黑山的晨雾裹着松针的清苦气漫进院时,辞玖正蹲在廊下捡玉兰花瓣。指尖刚触到片粉白的瓣儿,就被另一双手轻轻按住——暮珩不知何时站在他身后,墨色衣袍的下摆扫过青石板,带起细尘,指尖的温度透过花瓣渗过来,烫得辞玖指尖微蜷。

“捡这么多做什么?”暮珩的声音压得低,像怕惊散了雾,指腹在他手背轻轻碾了碾,把那片花瓣卷到自己掌心,“想填进枕芯里?”

辞玖仰头看他,晨光正落在他眉骨上,把平时冷冽的轮廓描得柔和了些,睫毛上沾的雾珠像碎星,眨一下就落进眼底。他刚来时总怕这双眼睛,觉得里面盛着山涧的冰,如今却看不够——尤其是此刻,那冰似化了些,漾着点说不清的暖。

“话本里说,花瓣能腌成香膏。”辞玖把手里的花瓣拢进竹篮,指尖碰到他垂在身侧的手,像被烫到似的缩了缩,却被暮珩反手攥住。他的掌心总带着点草木的暖意,和黑山的冷雾截然不同,指腹摩挲着他指节的薄茧——那是练剑磨的,他却每天记得涂药膏,连茧子的形状都摸熟了。

“哦?”暮珩弯腰,凑近时妖气的清香漫过来,混着他发间的雾湿气,“那得选最完整的。”他挑出片莹白的花瓣,往辞玖鼻尖轻扫了下,看着他痒得偏头,低笑出声,“比如这片——像极了你昨晚蜷在我怀里时,蹭我颈窝的样子。”

辞玖的耳尖“腾”地红透,挣开他的手往院外走,却被拉住手腕往回带了带。后背撞进个温热的怀抱,暮珩的气息从颈侧漫过来,带着点刻意的侵略性:“跑什么?”他指尖勾住辞玖的腰带,慢悠悠系了个结,指腹擦过腰侧时故意顿了顿,“昨天练剑时,剑气偏了半寸,是不是又走神想别的事了?”

“没有。”辞玖的声音发紧,能感觉到他贴在后背的胸膛微微起伏,连心跳都听得见。他确实走神了——当时看见暮珩站在玉兰树下,晨光穿过他发梢,忽然就忘了收势,剑穗扫过脸颊时,竟觉得比平时暖。

暮珩却没追问,只松开手,替他理了理被风吹乱的衣领:“后山的灵草该收了,去不去?”他说着,指尖在他耳垂上轻轻捏了捏,像逗弄,“去晚了,被山雀啄光,今晚的灵草汤可就没着落了。”

往后山走的路覆着薄霜,辞玖踩上去总打滑,暮珩就走在他身侧,时不时伸手扶一把。指尖碰过他手肘的旧伤时,总会下意识放轻力道——那是被养父推搡时撞在石阶上留的疤,他从没说过疼,暮珩却像能看见似的,连牵他的力道都比牵别处轻。

“暮珩,”辞玖踢开块挡路的石子,看着它滚进草丛,“昨天听山雀说,山下灯会有放天灯的,能飘到云里去。

“嗯,几百年前见过。”暮珩的声音漫在雾里,听不出情绪,却在他崴脚时稳稳托住他的腰,“当时觉得吵,没细看。”

辞玖的指尖在袖袋里蜷了蜷。他其实想说“想看看”,话到嘴边却变成:“话本里说天灯要写心愿,还得两个人一起放才灵。”他侧头看他,见暮珩正盯着他的脚踝,赶紧补充,“我就是随便说说。”

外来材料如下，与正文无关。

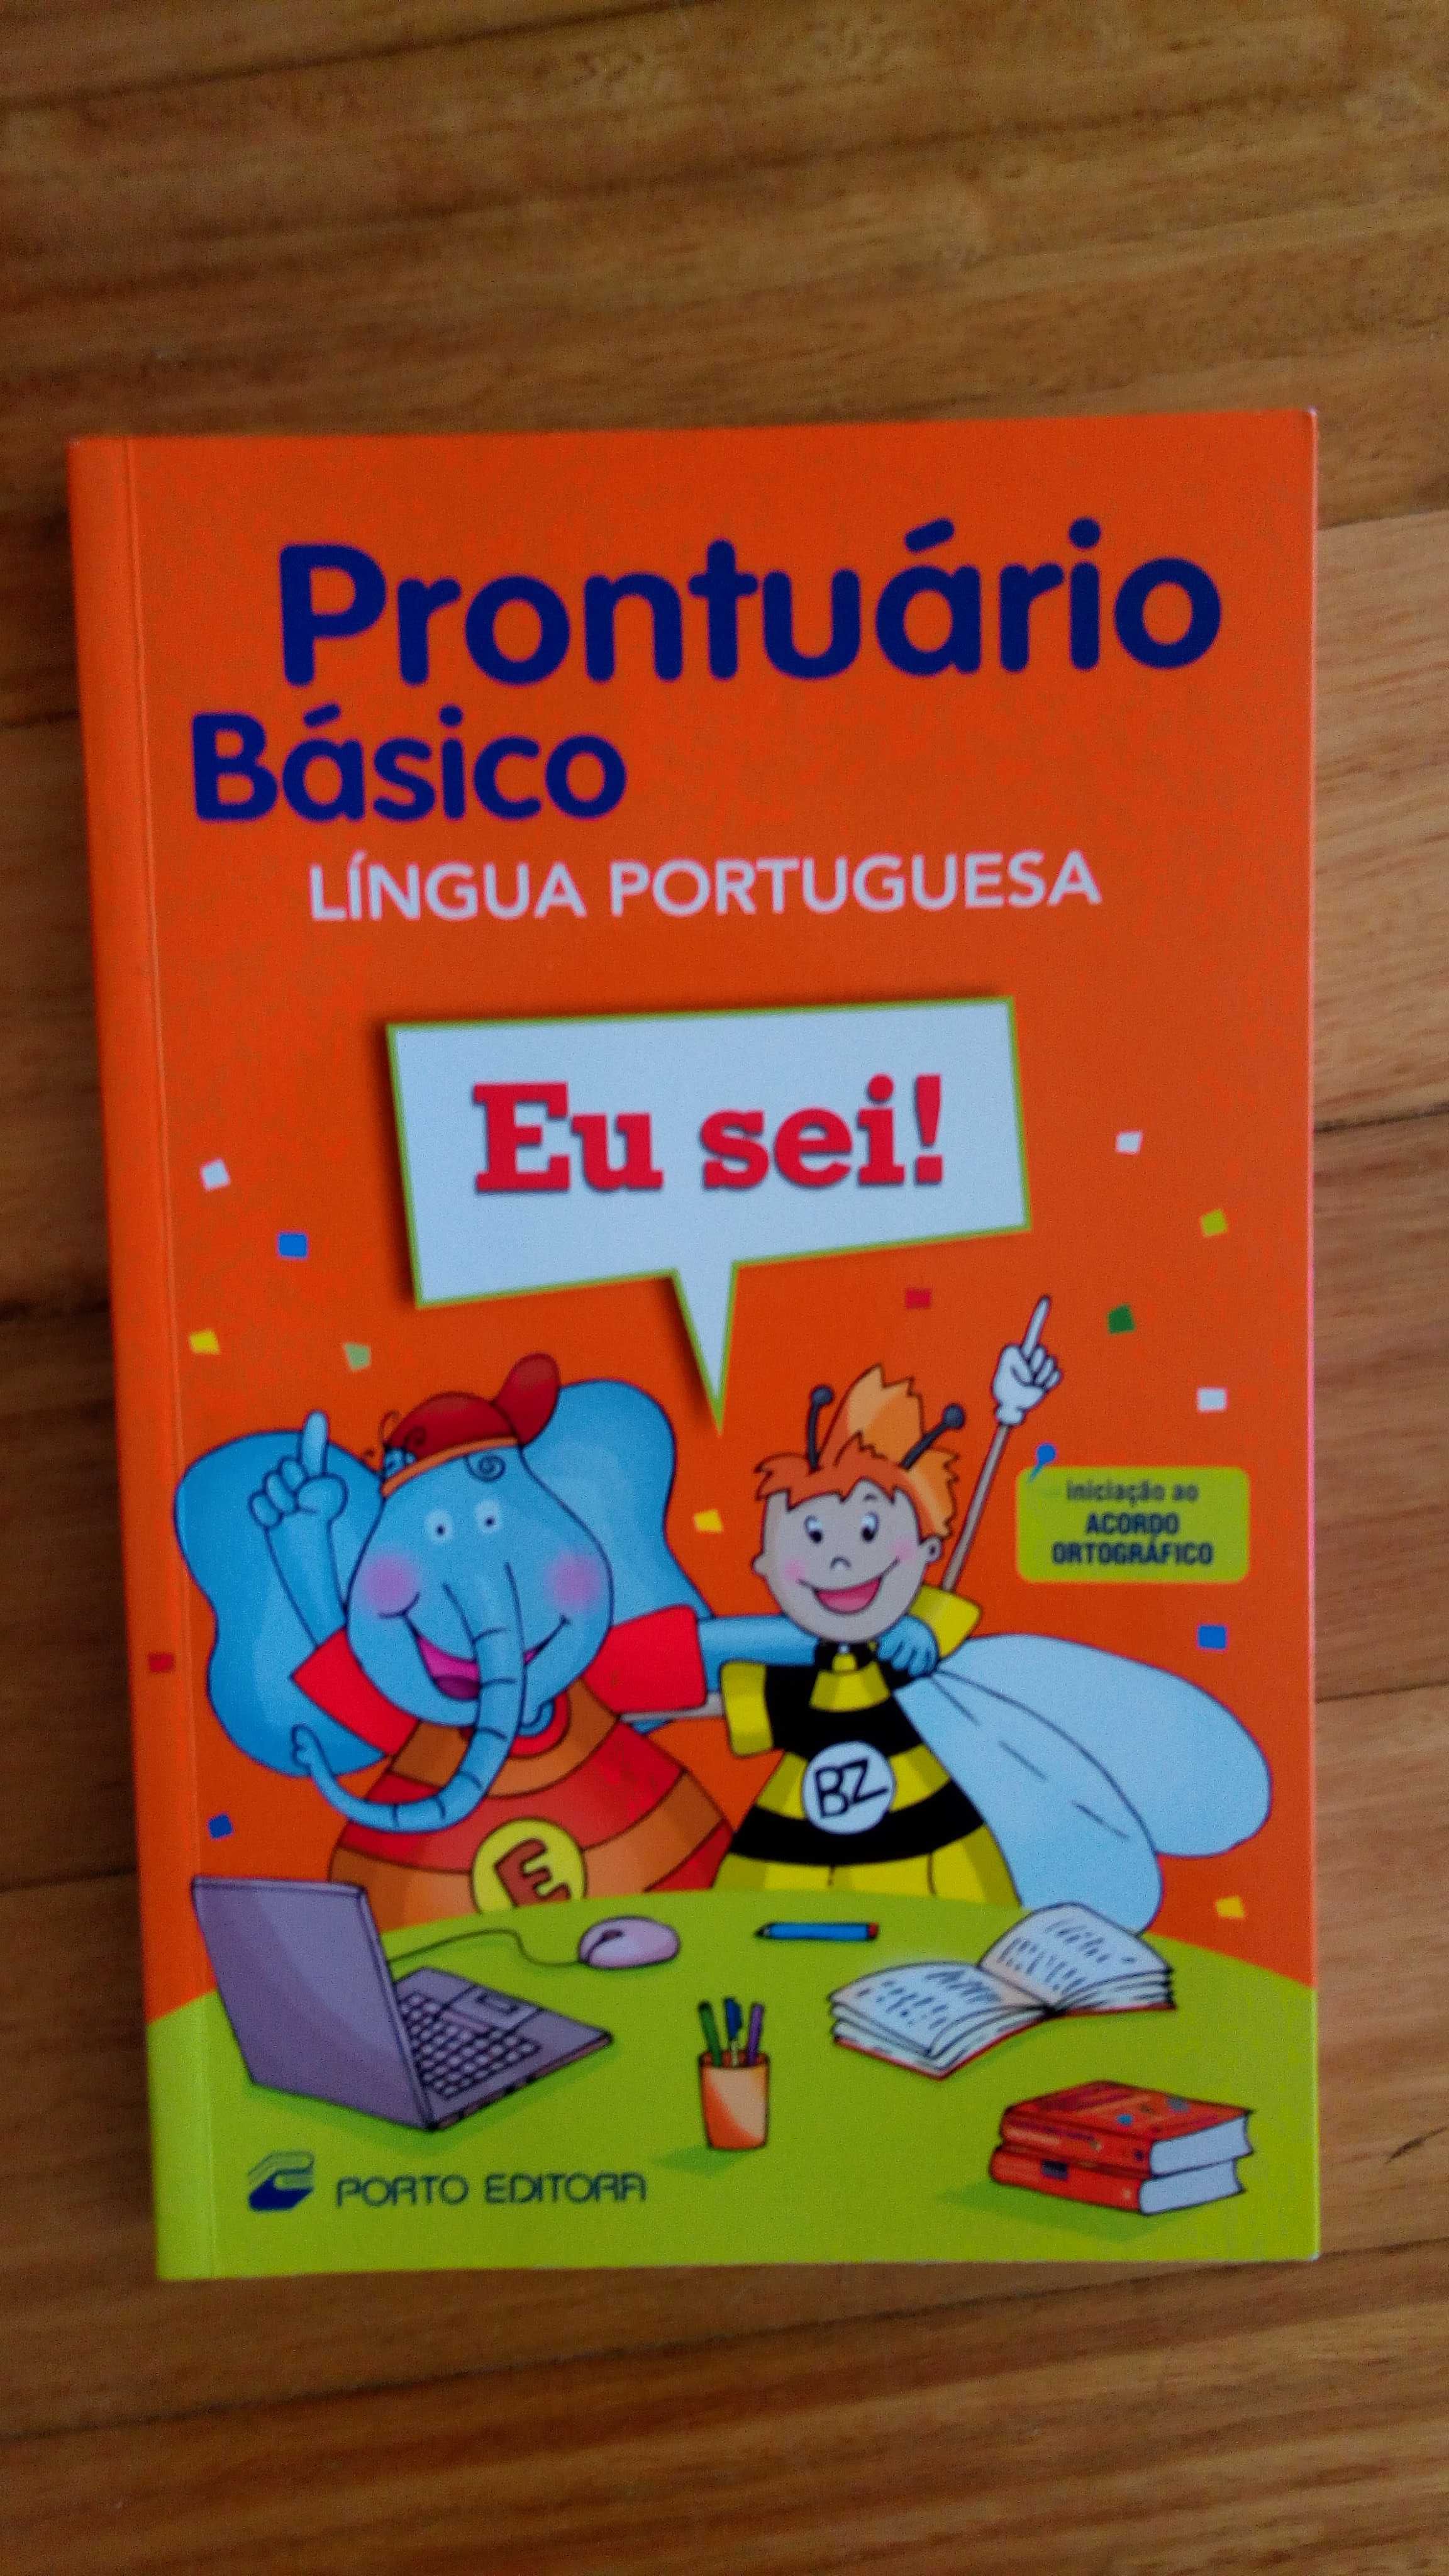 Livro "Prontuário Básico da Língua Portuguesa", Porto Editora

暮珩忽然停下脚步,转身时带起的风卷着松针落在他发间。他抬手替辞玖摘去松针,指尖擦过鬓角,停在下巴处轻轻抬起——这个动作带着不容拒绝的强势,眼神却软,像山涧化冰时的水:“想去就说。”他的拇指摩挲着辞玖的下唇,带着点凉意,“不用绕弯子。毕竟,你眨下眼,我就知道你在想什么。”

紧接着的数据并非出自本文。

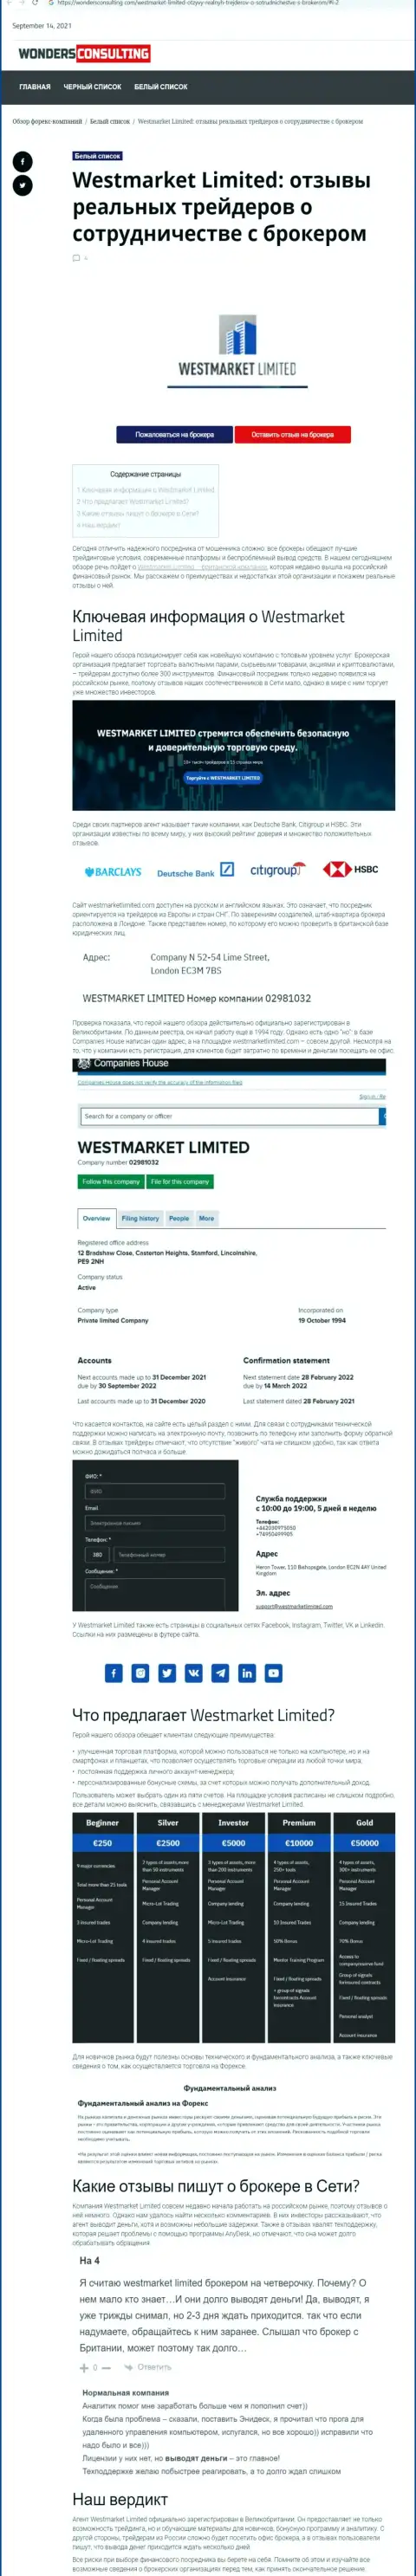 Обзорная статья о forex компании West Market Limited на сайте вондерконсалтинг ком

辞玖的唇被他碰得发麻,刚要偏头,就被他按住后颈。暮珩的吻很轻,像羽毛扫过,带着松针的清苦气,却在他要躲开时加深了些,直到听见他发颤的呼吸才松开,鼻尖抵着他的鼻尖:“所以,现在可以说了吗?想去看灯会吗?”

“想。”辞玖的声音带着点鼻音,眼尾泛红。

暮珩低笑,替他理了理被吻乱的衣领:“那就去。”他牵起他的手往回走,指尖在他掌心勾了勾,“不过得换件衣裳——你这件外袍袖口磨薄了,夜里风大,我屋里有件月白锦袍,料子软,不会磨到你手腕的伤。”他顿了顿,拇指按在他腕间的红痕上,“不是嫌你旧衣不好,是想让你舒服些。”

傍晚换好锦袍时,辞玖对着铜镜发呆——衣料软得像云,领口绣的暗纹是并蒂莲,针脚细密,一看就知道是暮珩的手笔。他刚转身,就见暮珩站在门口,墨色衣袍外罩了件素纱,腰间玉佩是他寻来的暖玉,此刻正随着他的动作轻晃,映着廊下的灯,亮得晃眼。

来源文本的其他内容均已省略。